Despite the variety of solutions, the domain still shows several limitations linked to the tuning of algorithm parameters, especially in color augmentation techniques: small color perturbations may link to augmented data including similar stains to the original data, while large color perturbations may lead to augmented data including color artifacts. In this context, color artifacts include color variations that are not present in clinical practice, representing a problem for the training of CNNs. Fig. 2 shows some examples of the problems related to the tuning of color augmentation algorithms. In the left part of Fig. 2, the color perturbation applied to input data is too soft, leading to augmented samples that are very similar to the original image in terms of stain variations. In the right part of Fig. 2, the color perturbation is too strong, leading to augmented samples that include artifacts in terms of stain variations (such as dark and yellow shades).

Fig. 2.

Fig. 2

Problems related to color augmentation parameters: on the left, small color perturbations lead to similar color variations (soft augmentation); while on the left, strong color perturbations lead to artifacts, such as yellowish or dark stains (strong augmentation). Blue and green dots represent color variations collected from clinical practice (from 2 different datasets, to show the stain heterogeneity); the red dot represents the sample to augment; black dots represent augmented versions of the sample. The samples are projected in a bi-dimensional space via Principal Component Analysis (PCA).
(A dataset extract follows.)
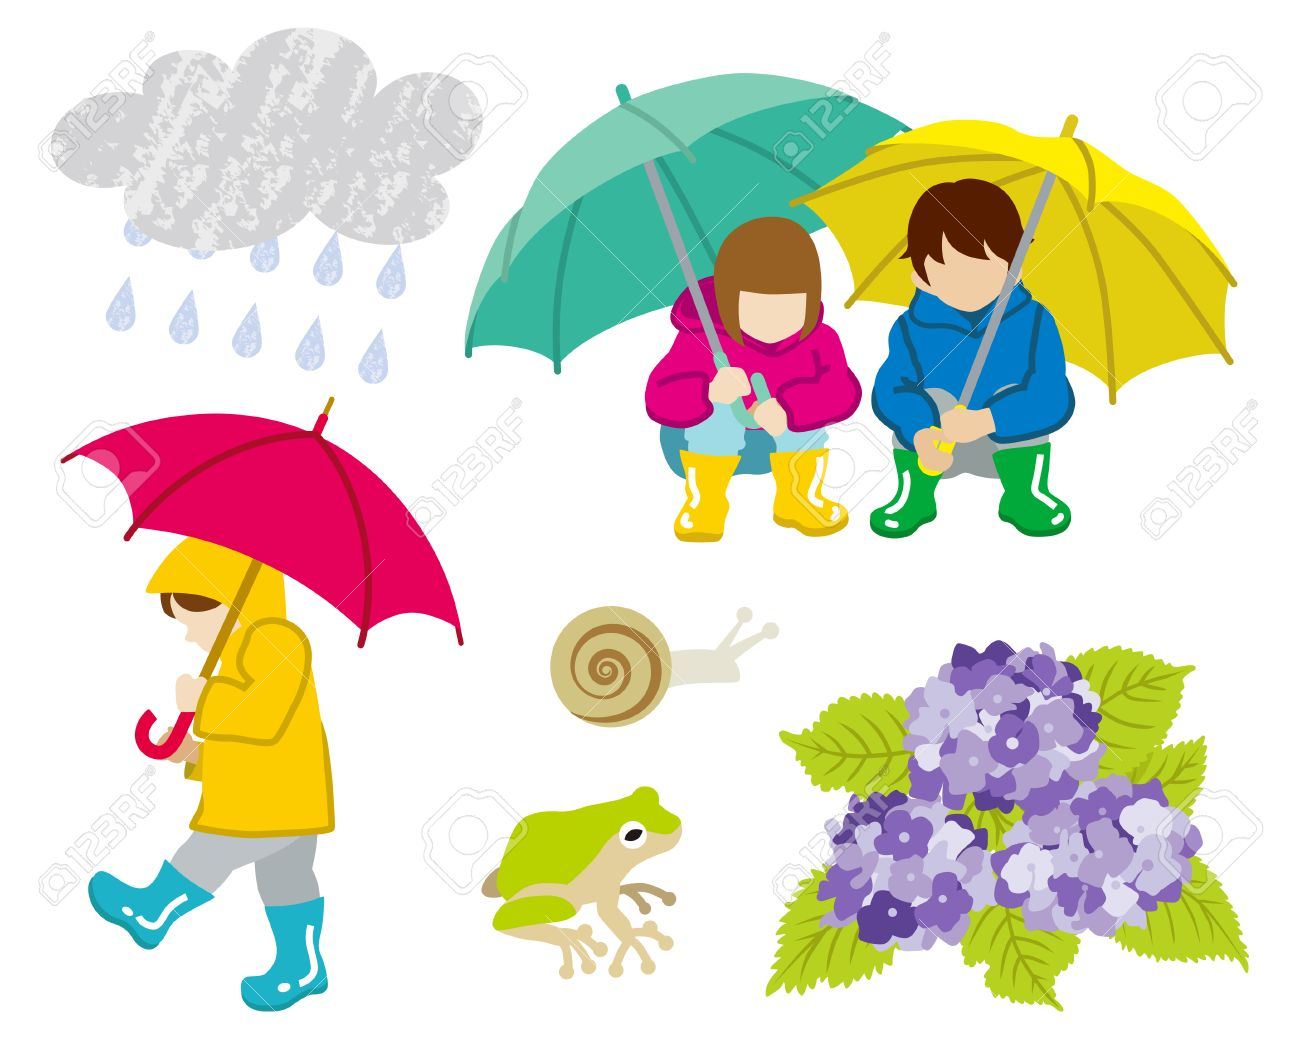 rainy day children clip art set royalty free cliparts vectors
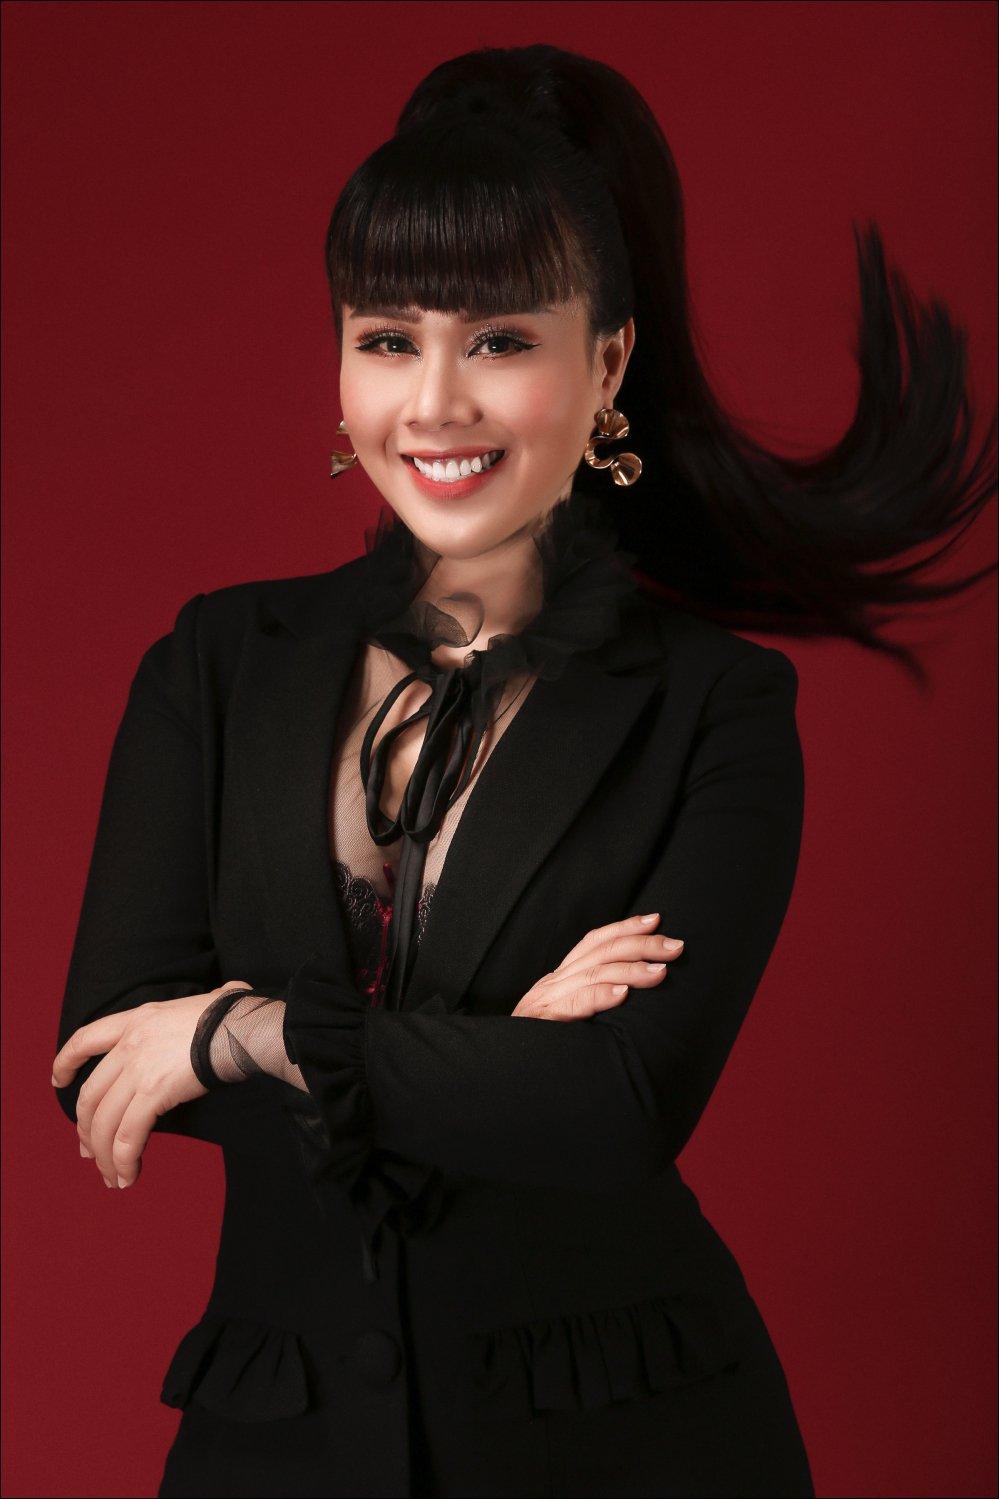 Hoa hau Hang Nguyen cung Juun Dang Dung dua vai lanh My A tro lai san dien hinh anh 2

This paper proposes Data-Driven Color Augmentation (DDCA), a novel color augmentation method to train CNNs that avoids the generation of color artifacts during data augmentation, removing the need for tuning color augmentation algorithms.

DDCA aims to improve the efficiency of color augmentation methods by increasing the reliability of the samples used for training computational pathology models. DDCA exploits the increasing amount of available WSIs from private and public sources to build a database including millions of stain matrices, representing color variations. During CNN training, the method compares the stain matrix of augmented samples with the color variations collected in the database, discarding the ones corresponding to unrealistic color variations. DDCA is applied to HSC color augmentation, stain augmentation, and H&E-adversarial networks and compared with over 10 baseline algorithms developed to target stain color heterogeneity.

The method is tested on the classification of colon and prostate images, considering unseen data collected from heterogeneous medical sources. Colon and prostate cancers are 2 of the most common cancers worldwide.36,37 One of the most important findings related to colon cancer is the presence of malignant glands and polyps (small agglomerations of cells) within colon WSIs.38 The presence of malignant glands is also important for the diagnosis of prostate cancers: the Gleason grading system assesses the characteristics of glands to evaluate the aggressiveness of the tumor.39 The rest of the paper is organized as follows: Section “Methods and Material” describes the CCDA method, the data used to evaluate it, including the datasets composition and the preprocessing, the description of other baselines to handle stain color heterogeneity, and the training strategy; Section “Results” presents a quantitative assessment of the method; Section “Discussion” presents a qualitative evaluation of the results obtained; “Conclusions” draws some conclusions.

Methods and materials

Data-driven color augmentation method

The paper proposes Data-Driven Color Augmentation (DDCA), a color augmentation method to avoid the generation of color variations including artifacts during the training of deep learning models.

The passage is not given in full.